The bitter words were about to spring from my mouth as I stabbed the key into my door and shoved it open.

The only hitch was: Katie wasn’t standing there.

Dena was.

“Oh, Christ,” I blurted out. “Of course.”

She was my cousin, too.

“I’m glad you’re here,” she said.

Dena looked better fed and rested than when I’d left her in Maine. The streak in her hair—had it last been green or red?—was gone. She was left with her natural shade, a mousy brown. She wore a simple, smocklike dress that suited her own age. It seemed to be her attempt to be an actual adult. I thought she looked better the other way.

She gave me a hug, one that was conspicuously short-lived.

“I lied to your super, and he let me in.”

“I’m sure he did.”

“By the way, some guy came to the door, snooping around. He didn’t say he was a cop, but I got the feeling that he was.”

“You were right.”

Exhausted, I found my way to my one chair and sat. I noticed the place had been straightened up.

“You really didn’t have to clean,” I said.

“There wasn’t much else to do. What happened to your head?”

For a second, I didn’t understand. Then Dena touched a tender spot on my scalp, which showed the mark of Abner’s bowl assault. Typically, Florent hadn’t even mentioned it.

“I got hit by a … never mind.”

“Are you all right?”

“No.”

Actually, I felt okay, physically. It was just the regret, fury, and disappointment that hurt.

Then I looked up. “What are you doing here, anyway? And where’s …” I cut myself off, before mentioning Katie. Was she gone for good? No one else was there, but the bathroom door was closed.

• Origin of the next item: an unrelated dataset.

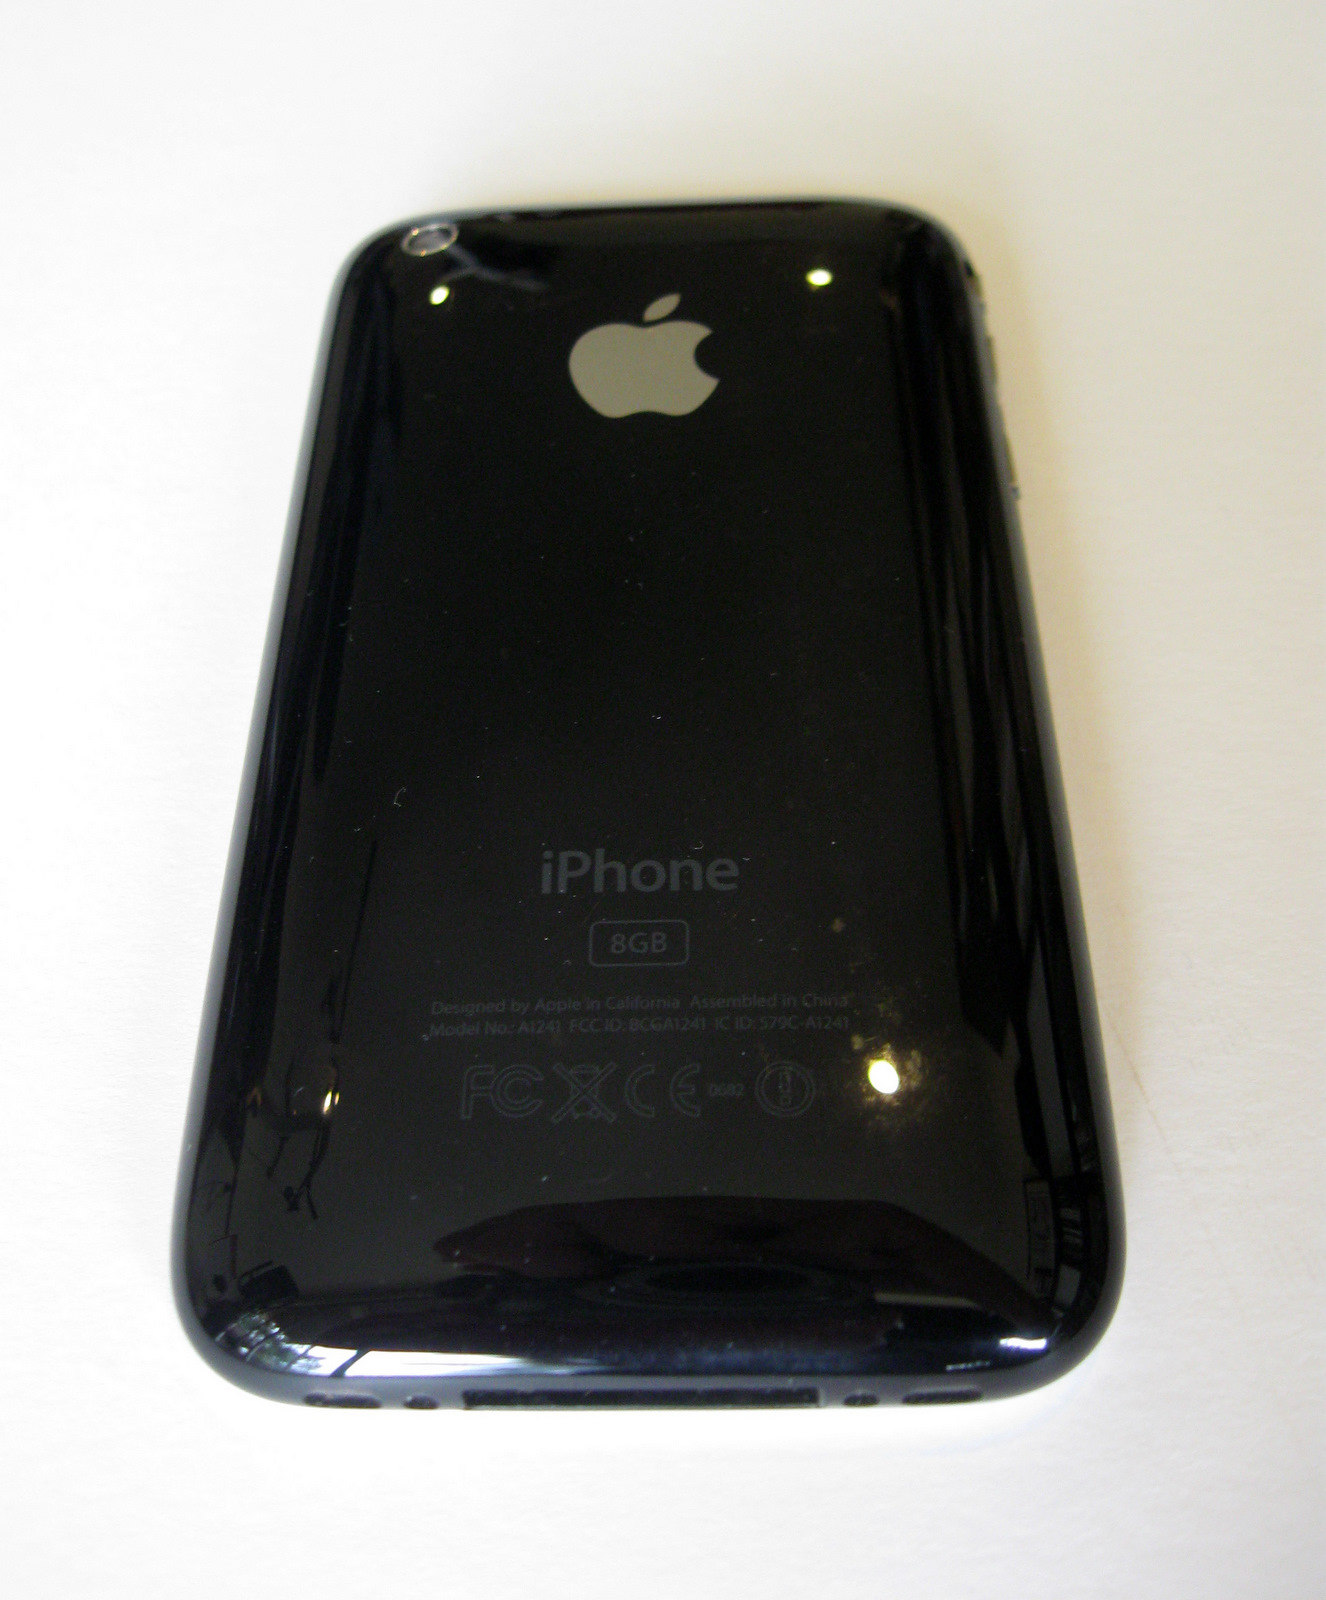 iPhone 3G 8GB   iPhone Catalog

“I came here to …” Dena paused, uneasily. Then she started to pace, displaying an uncharacteristic case of nerves. “I broke my lease in Brooklyn. I decided to move into my father’s apartment in Maine myself.”

“You did?”

“Yes. I got a job at the local bookstore. It’ll pay the bills until I figure out something better. And I came here to, well, to see if you wanted … to move in with me.”

I stared at her. Dena was still walking, not meeting my eyes. She was trying to make this confession with her usual businesslike tone, but it was tough. “But then, when I showed up, I saw that … that wasn’t a good idea.”

Before I had time to understand, the bathroom door opened. Katie emerged. She looked fresh-faced and alert, none the worse for wear.

“Hi, Roy,” she said. “What happened to your head?”